O2 terdiri atas Origin dan
Ownership. Origin (asal-usul), mempertanyakan siapa atau apa yang menjadi asal usul kesulitan, sedangkan Ownership (pengakuan) mempertanyakan sampai sejauh manakah Anda mengakui
akibat-akibat kesulitan itu. R merupakan singkatan dari Reach (jangkauan), yang mempertanyakan sejauh manakah kesulitan akan menjangkau
bagian-bagian lain dari kehidupan Anda. Sedangkan E (Endurance) mempertanyakan dua hal yang berkaitan, yaitu berapa lamakah kesulitan akan berlangsung,
dan berapa lamakah penyebab kesulitan itu
akan berlangsung. Gabungan skor keempat dimensi membentuk skor AQ Anda (AQ
= C + O2 + R + E).
Dalam bukunya, Adversity
Quotient: Mengubah Hambatan Menjadi Peluang, Penerbit PT Grasindo, Tahun 2000,
Stoltz menyediakan lembar evaluasi diri kita saat ini yang disebut Adversity
Response Profile (ARP) Quick Take™, yang bisa Anda temukan di halaman
121 – 131. Jika Anda tidak memiliki buku tersebut tetapi ingin mengevaluasi
diri, Anda bisa mengirimkan permintaan kepada saya dengan mengisi komentar atas
tulisan ini. Segera saya akan kirimkan file softcopy ke alamat email Anda. Jika
skor AQ Anda saat ini berada pada kategori rendah bukan berarti dunia Anda
berhenti, karena Adversity Quotient
menyediakan tools untuk memperbaiki
respon Anda terhadap kesulitan. Demikian pula seandainya nilai Anda saat ini
masuk pada kategori tinggi, Anda pun punya kesempatan untuk terus meningkatkan
respon Anda sehingga memiliki daya tahan yang lebih tinggi dalam menghadapi
kondisi-kondisi yang lebih sulit yang akan Anda hadapi dalam menyusuri perjalanan
Sang Pemenang.
sangat menarik kalau membahas mengenai AQ. Generasi sekarang perlu membaca & mengerti akan hal ini.
BalasHapusmohon dikirimkan ARP ke e-mail saya : 421.sadjiarto@gmail.com
terima kasih,
salam, ari
Selamat malam mas Ari,
HapusYa, memang betul sekali jika kita bisa memahami dan meningkatkan AQ kita akan sangat membantu dalam menjalani kehidupan kita.
Mohon maaf sebelumnya jika saya lambat merespons permintaan mas Ari, sehubungan dengan meningkatnya kesibukan saya di akhir tahun.
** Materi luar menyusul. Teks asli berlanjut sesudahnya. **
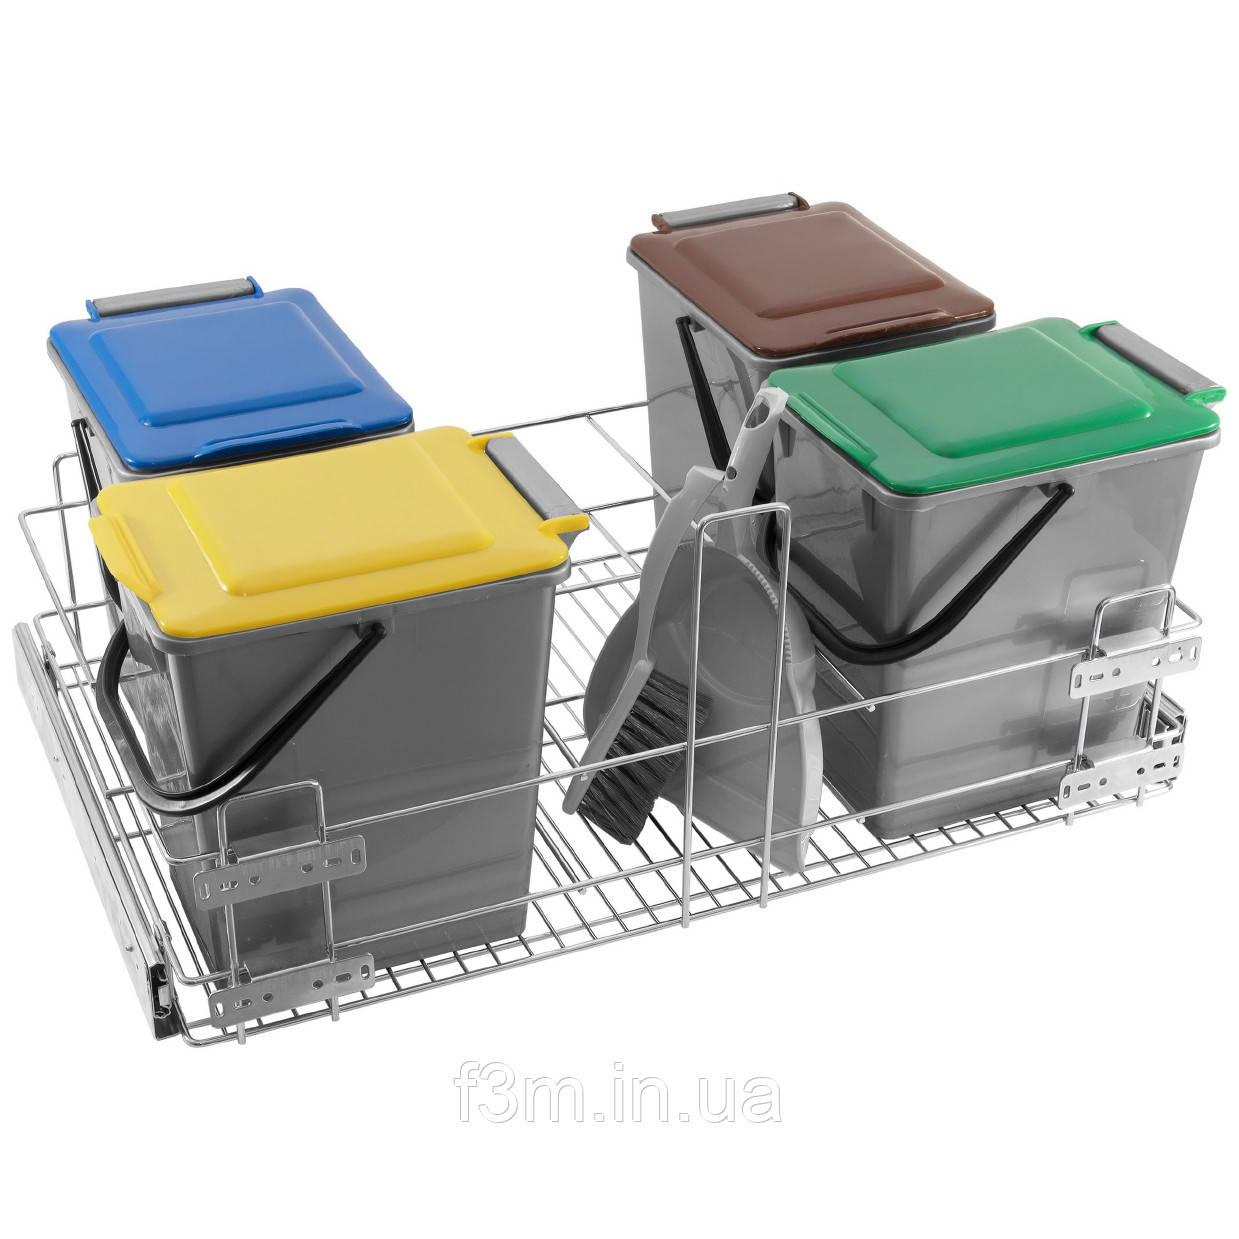 Система для отходов F3M: 4 Ведра ЦВЕТНЫХ на шариковых направляющих с доводчиком + совок и щётка

ARP yang mas butuhkan sudah saya kirim ke alamat email mas Ari.
Semoga bermanfaat.
Salam Pemenang,
Suhartono Chandra
jujur saya baru dengar istilah ini.. untuk itu saya langsung tertarik. mohon juga dikirimkan melalui email saya :gemppar72@yahoo.com. terima kasih
BalasHapusilmu baru :) mohon dikirimkan ke heprut.joko.thole@gmail.com. terimakasih banyak :)
BalasHapusMas Suhartono Chandra, apakah masih berkenan membagikan kuesioner ARP ini? Kebetulan saya ada tugas untuk analisis adversity quotient pada fresh graduates di tempat kerja. Kalau ya, tolong di-share melalui email ini: saya.ellen@gmail.com ya Pak. Terima kasih atas bantuannya.
BalasHapusSalam, Ellen.
Yess. AQ menarik untuk dipelajari dan dikembangkan.